Is this a good approach? Is there a more efficient way to do it (without having to trade code readability for efficiency) ?
for root, dirs, files in os.walk(path, topdown=False):
for name in files:
if re.match(r'.*\.mp3', name):
yield os.path.join(root, name) # returns the path of the .mp3 file
EDIT: Conclusion:
If you ignore recursion, the fastest way to do it is by using the glob
module. If you want recursion, switching from re.match()
to using slices makes it few milliseconds faster.
A Python-based recursive directory walker should definitely include os.walk
, that is the right choice. However, I would check for the extension using os.path.splitext()
instead of using regex. return
is not what you want here I guess, it terminates the iteration when hitting the first mp3 file. Replace it with yield
. This creates a generator function. Call it from the outside, and you can easily iterate through all mp3 files in your directory tree.

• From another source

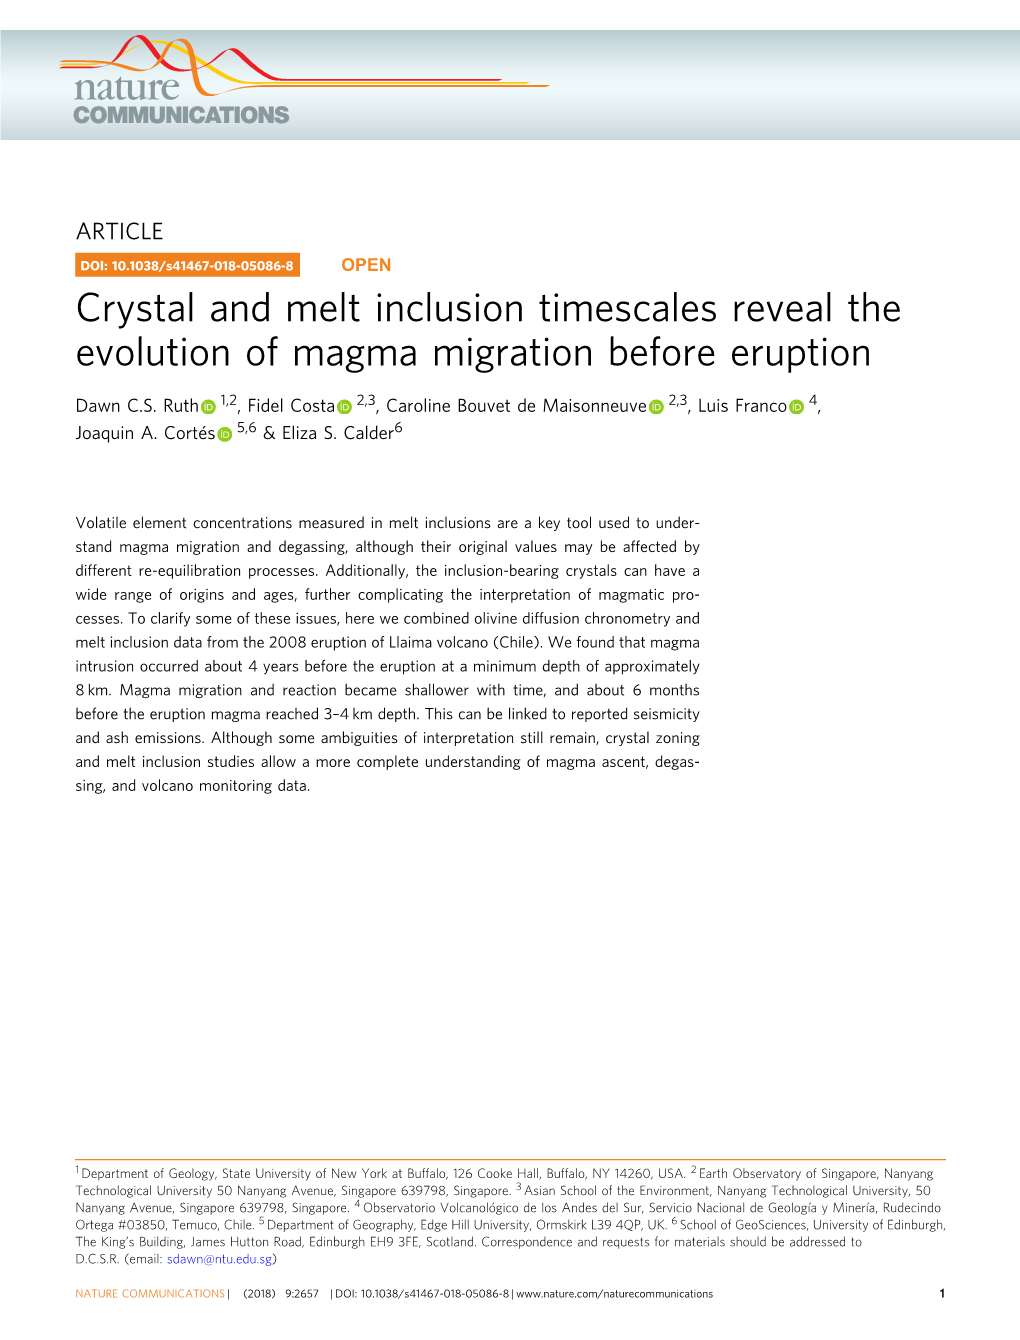 Crystal and Melt Inclusion Timescales Reveal the Evolution of Magma Migration Before Eruption
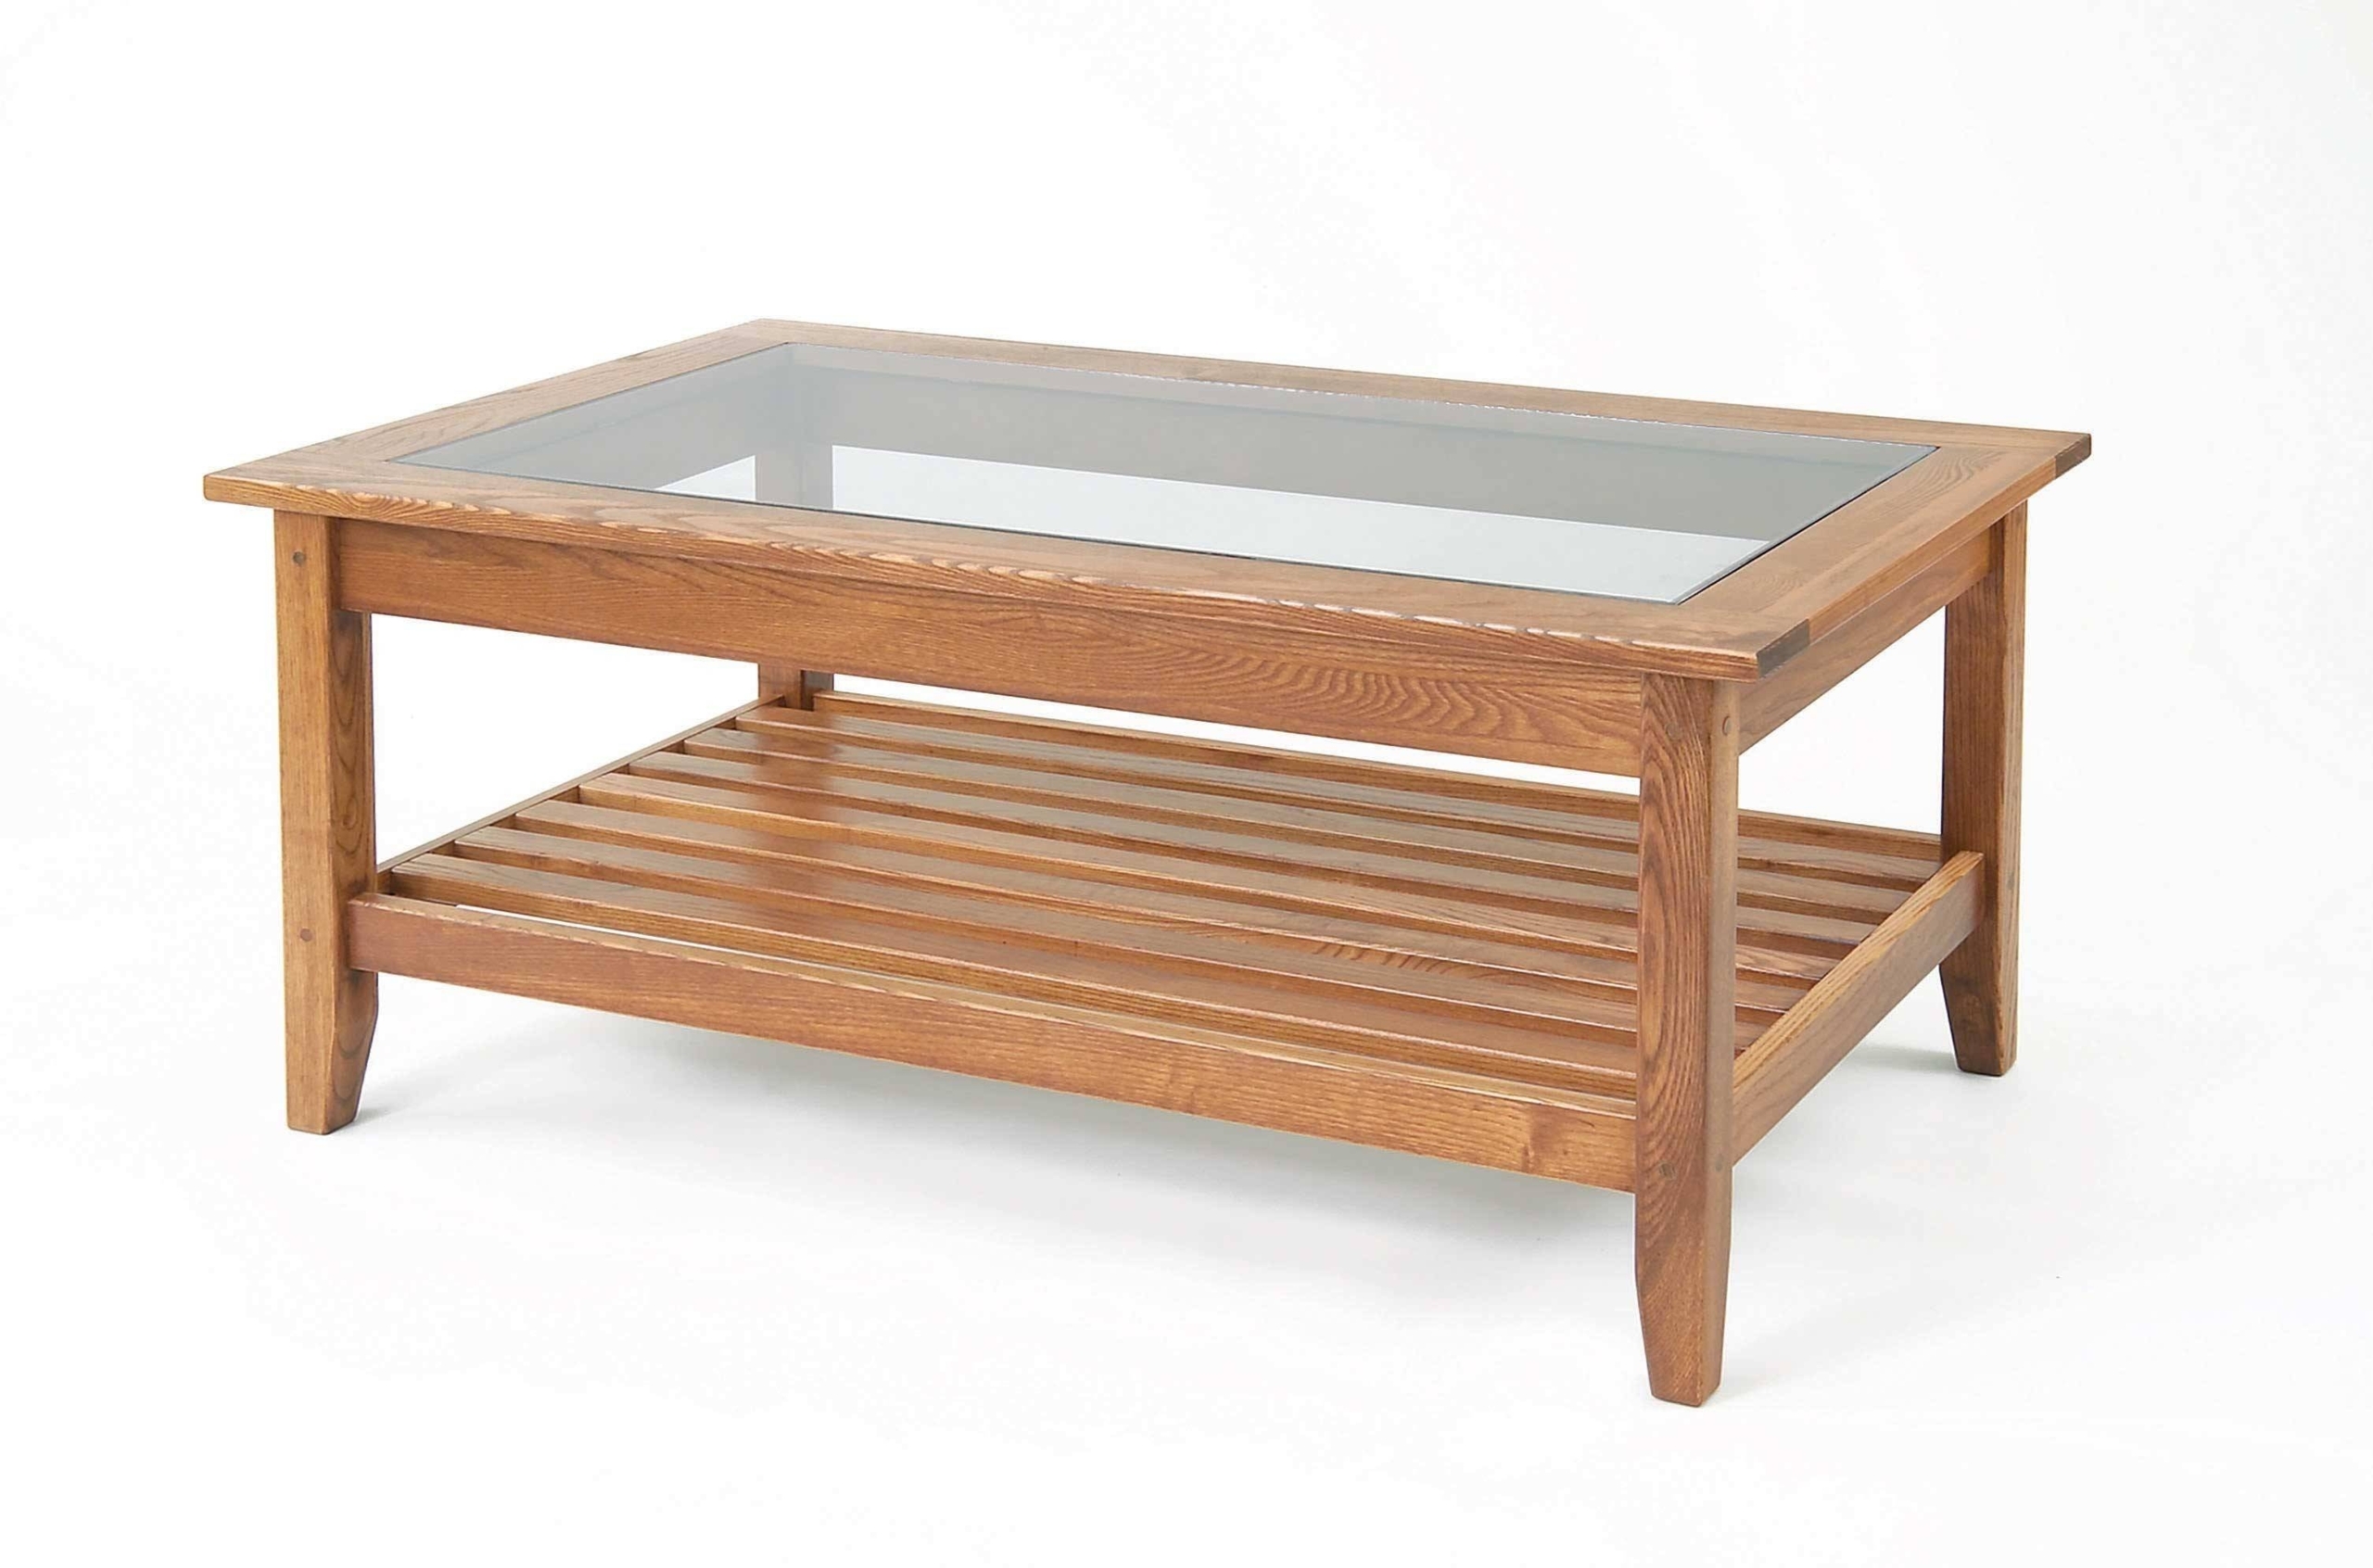 Oak Coffee Table With Glass Top Ideas On Foter

A working solution, test.py
:
import os
def mp3gen():
for root, dirs, files in os.walk('.'):
for filename in files:
if os.path.splitext(filename)[1] == ".mp3":
yield os.path.join(root, filename)
for mp3file in mp3gen():
print mp3file
Test:
$ mkdir testenv
$ cd testenv
$ mkdir subdir
$ touch test.mp3
$ touch subdir/test2.mp3
$ touch foo.mp4
$ python test.py
./test.mp3
./subdir/test2.mp3
By the way, whatever you do, it is unlikely that the performance of this iteration is the bottleneck in your workflow. If it is, I would actually use the find
utility using find . -name "*.mp3"
, and then pipe its output to your Python script, then read the items from stdin using for line in sys.stdin
.